I thank both hon. Members for their comments. I draw from them strong support for the clause, although it was caveated in the way they described. Let me address the issues that they raised.
The hon. Member for Ilford North asked, “Why not do this earlier?” There is a long-standing principle in company law that the corporate veil should not be pierced, and limited liability should exist in place. As he will recall, there was a moment not so long ago when HMRC had Crown preference and was always the first, or close to the first, creditor to get paid out. It then got moved to the back of the queue.
As we think about the current insolvency and abuse regime, there has been a process of further reflection on all the different aspects of it, and that inevitably includes the phenomenon that we have seen. My impression—I do not know whether it is true—is that phoenixism is a better recognised phenomenon and a more widely understood problem than it has been. This is part of a much wider effort that has been made—particularly since I have been Financial Secretary to the Treasury, but before that, too—to really push on the issue of avoidance and evasion, and that is what we are doing.
The hon. Gentleman also asked about process. It is a perfectly good, important question, and I have been through it myself with HMRC officials. I will not read out the conditions in each case, but there are central cases for the issuance of avoidance and evasion notices, avoidance and evasion facilitation notices, and repeated insolvency notices. Each has some quite specific criteria sitting underneath it. For avoidance and evasion facilitation notices, a company must have begun an insolvency procedure or given assurance that it will; it must have incurred a penalty for facilitating tax avoidance or evasion; there must be a serious risk that some or all of that liability will not be paid; and the person must have a relevant connection to the company at the time that the behaviour leading to the penalty occurs. There are important threshold tests that must be met, and there are appeals processes against notices that have been filed, which are designed to provide safeguards, for all the reasons that one might imagine.

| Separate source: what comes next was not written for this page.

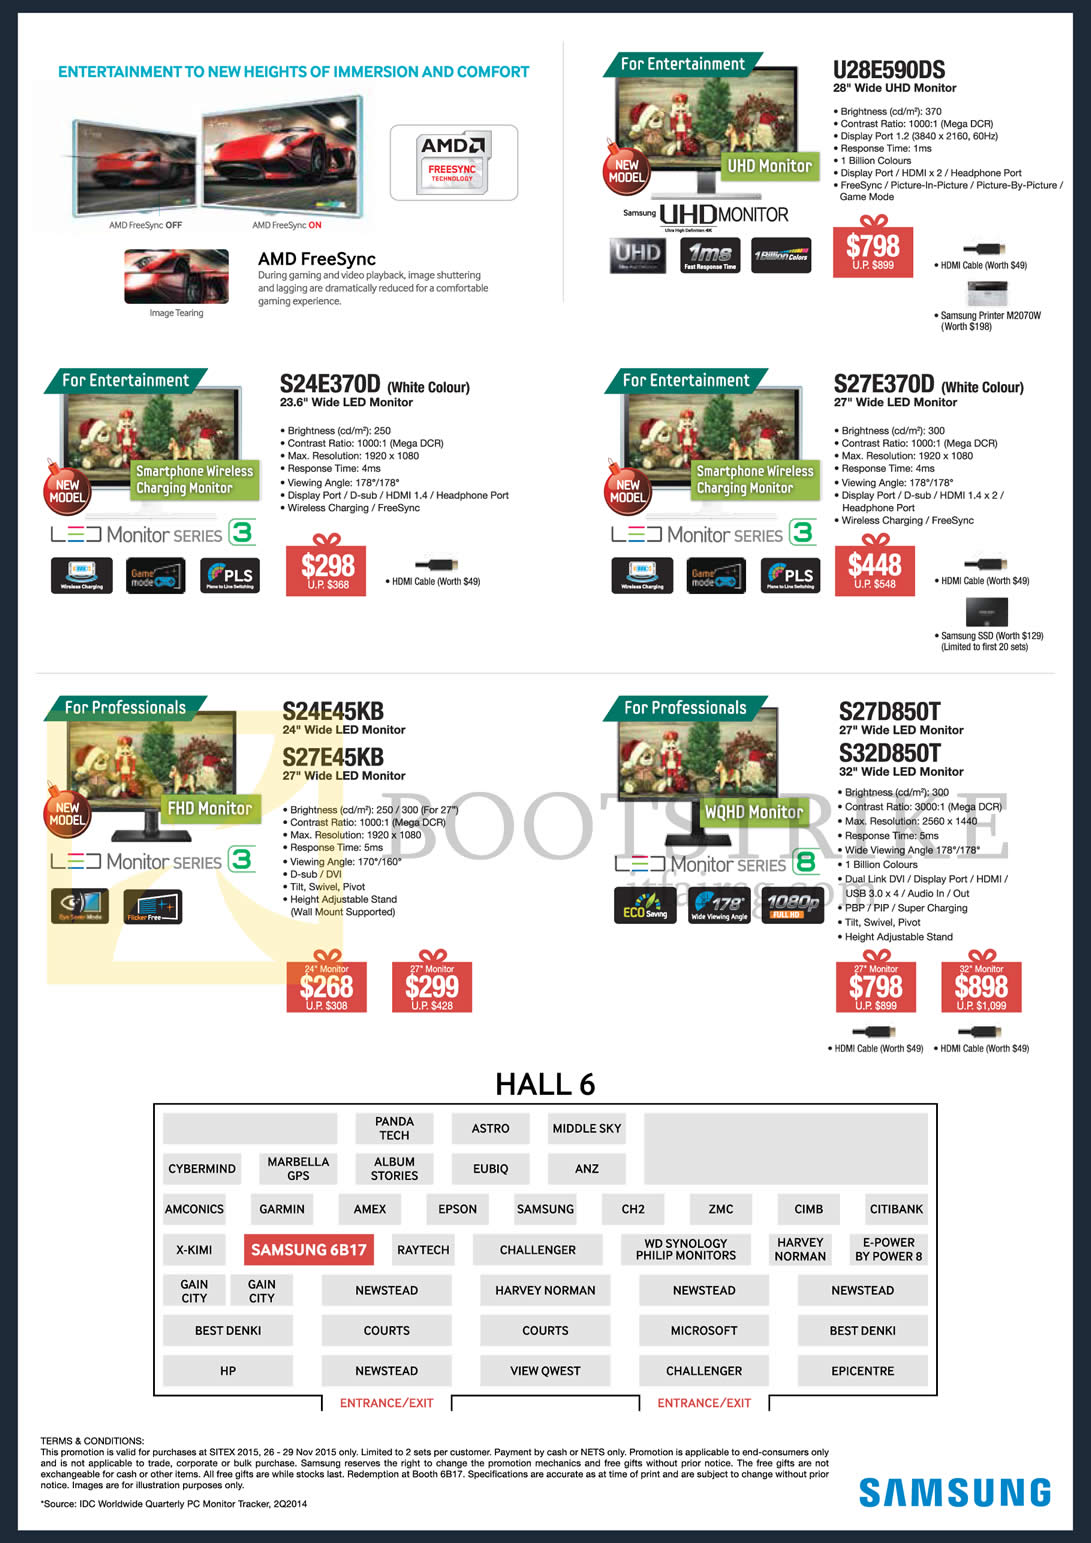 SITEX 2015 price list image brochure of Samsung Monitors LED S24E370D, S24E45KB, S27E45KB, U28E590DS, S27E370D, S27D850T, S32D850T

I have a degree of sympathy for the point that the hon. Member for Glasgow Central makes about Companies House. In the promoter strategy, which we published at the time of the Budget, we looked to create a more integrated approach to trying to crack down on abusive avoidance and evasion, and the promotion of avoidance and evasion. It has been in part about pulling together different entities, one of which might be Companies House and another of which might be the Advertising Standards Authority, if the two had been outside the purview of a more traditional approach. I take the hon. Lady’s point, and I thank both hon. Members for their support for this important clause and schedule.
Do I take it that that was the last group?